Secondary metabolite profiles are one of the most diverse phenotypes of organisms and can consist of a large number of
compounds originating from a limited number of biosynthetic pathways. The statistical treatment of such profiles often
is complicated due to their diversity as well as the intra- and interspecific variability in the quantitative and qualitative
composition of secondary metabolites.
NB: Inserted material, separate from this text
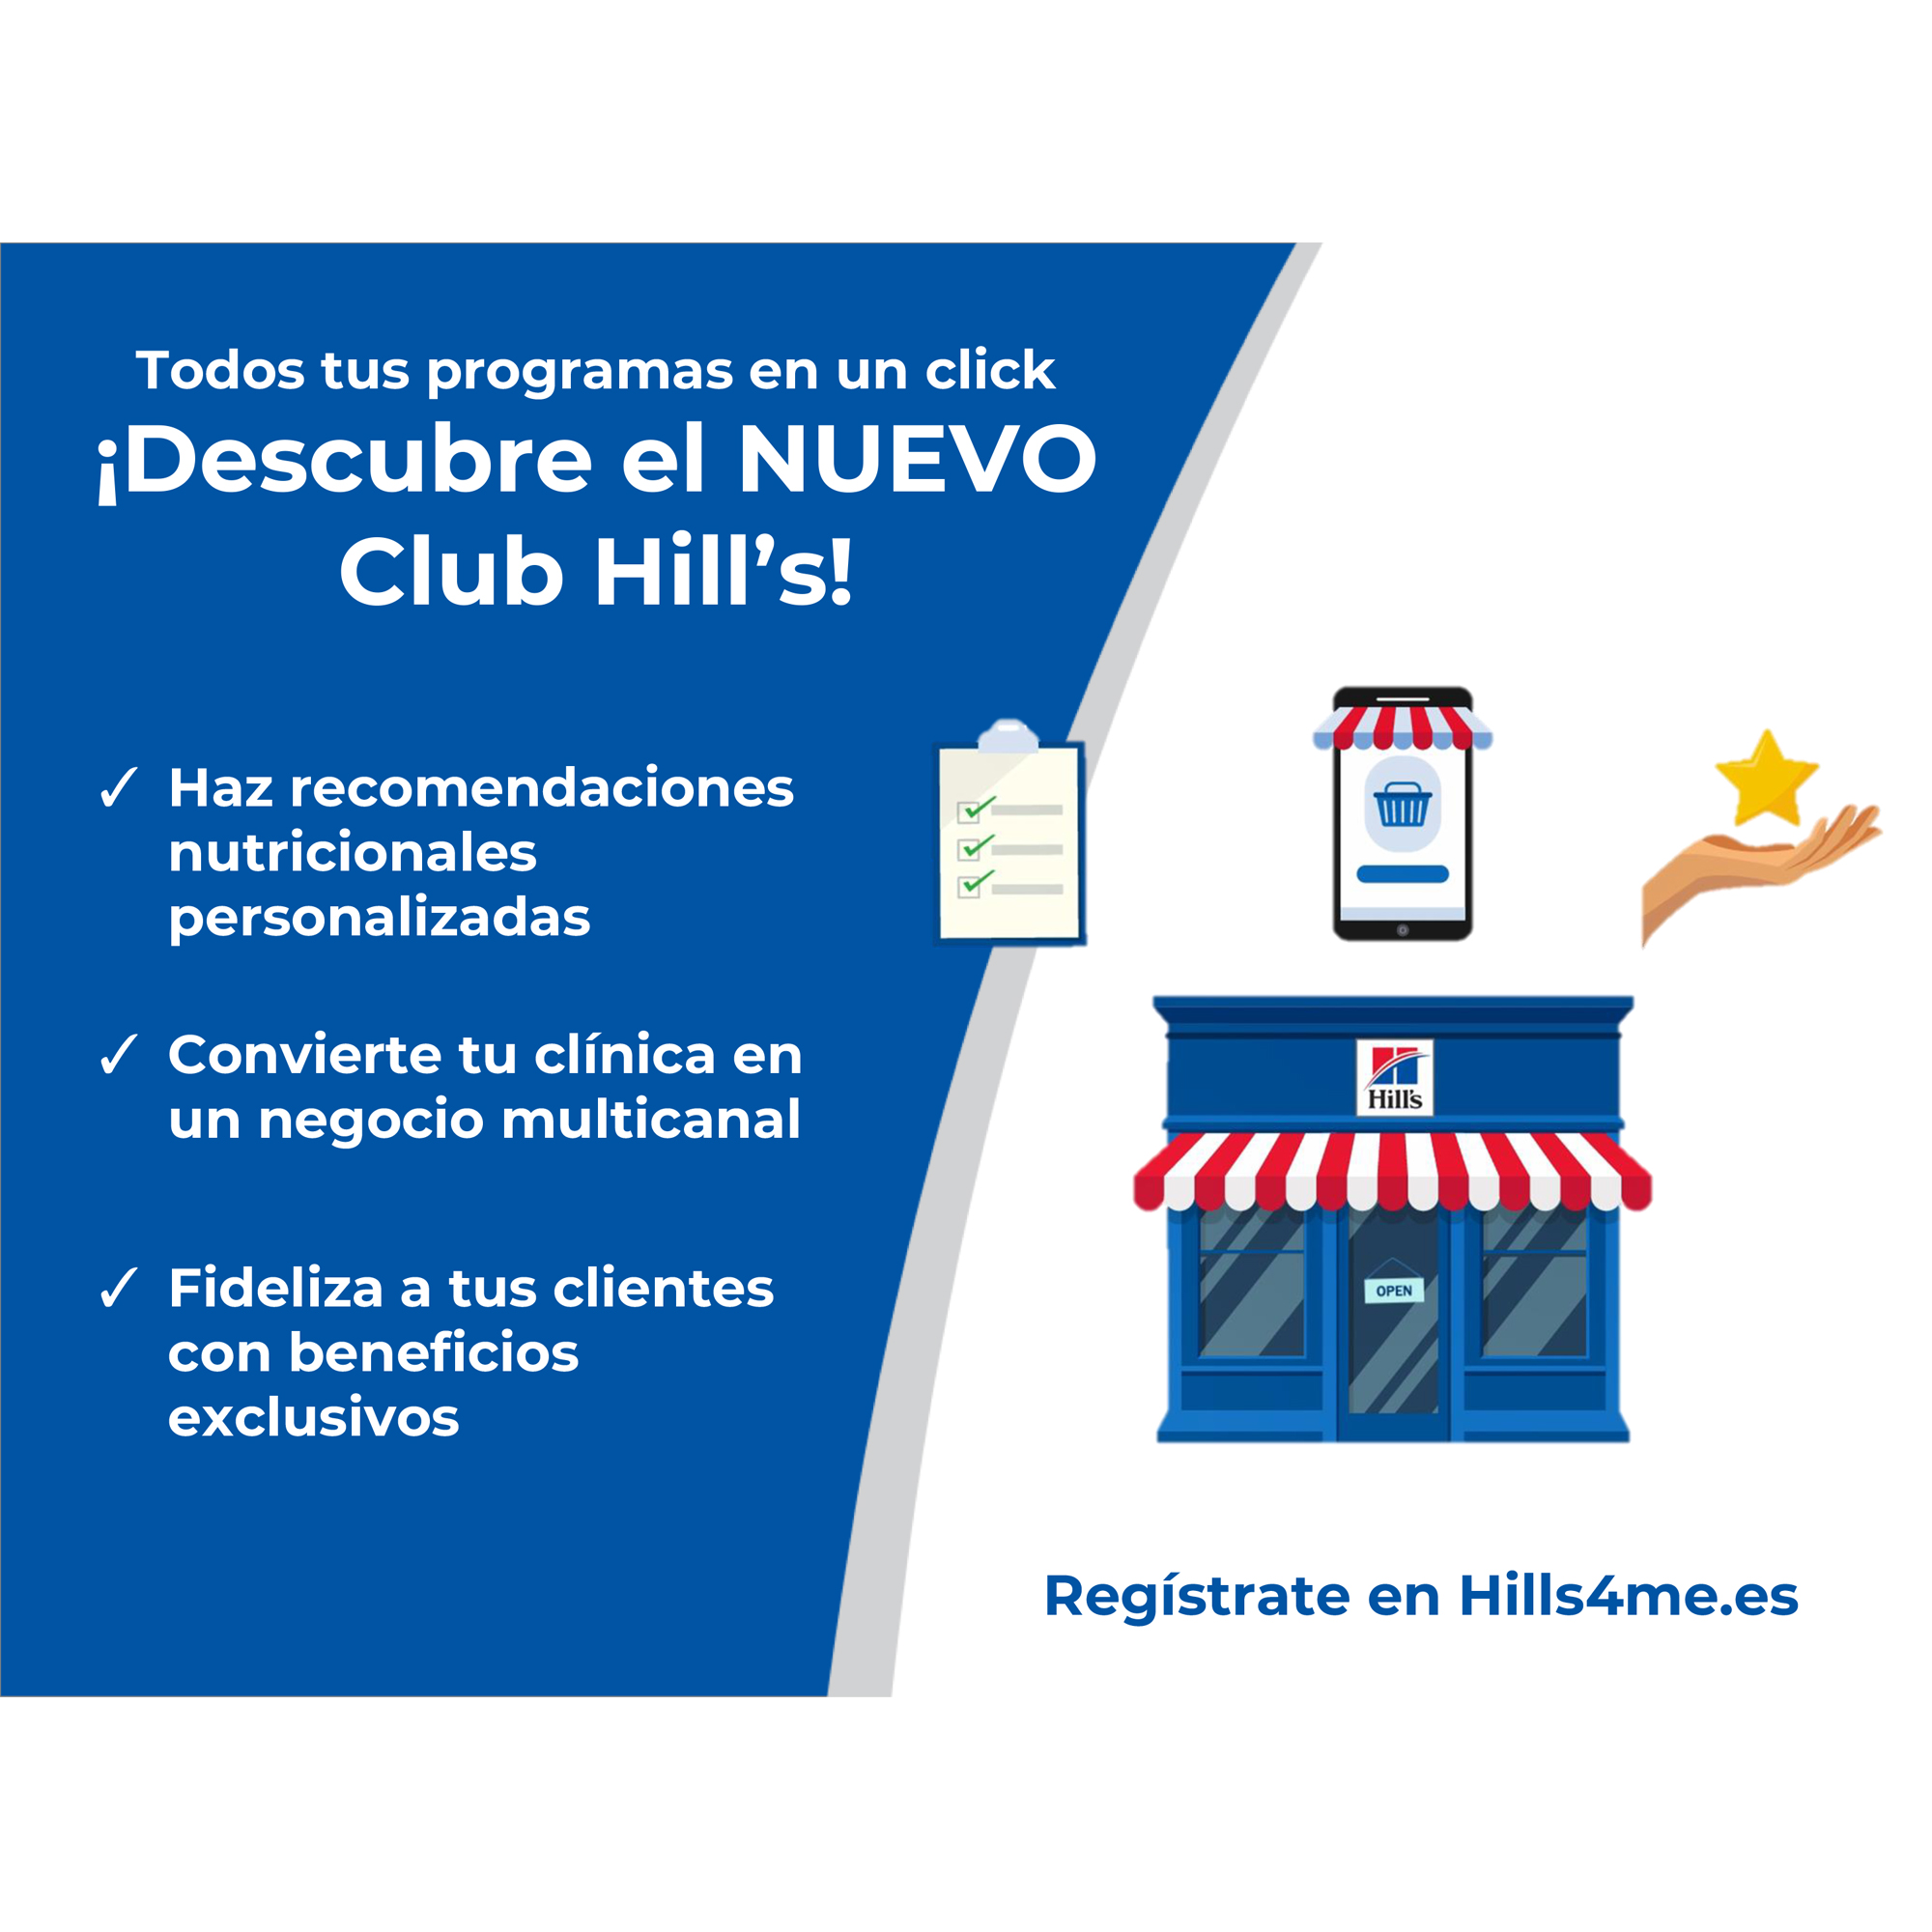 ¡Descubre el NUEVO Club Hill’s!

Most importantly, the assumption of independence of the presence/absence and the
quantity of compounds is violated due to the shared biosynthetic origin of many compounds. Therefore, I propose a biosynthetically
informed pairwise distance measure that fully considers the biosynthesis of the compounds and thus quantifies
the similarity in the enzymatic equipment of two samples. The biosynthetic similarity of compounds is calculated based on
the proportion of shared enzymes that are required for their biosynthesis. Using this information (provided as dendrogram
structure) and the quantitative composition of the samples, generalized UniFrac distances are calculated measuring that
fraction of the dendrogram (i.e., the branch lengths) that is unique to either of the samples but not shared by both samples.
To allow a straightforward cross-platform application of the approach, I provide functions for the statistical software R and
sample data sets. A hypothetical and a real world example show the feasibility of the biosynthetically informed distances
dA,B and highlight the differences to conventional distance measures. The advantages of this approach and potential fields
of application are discussed.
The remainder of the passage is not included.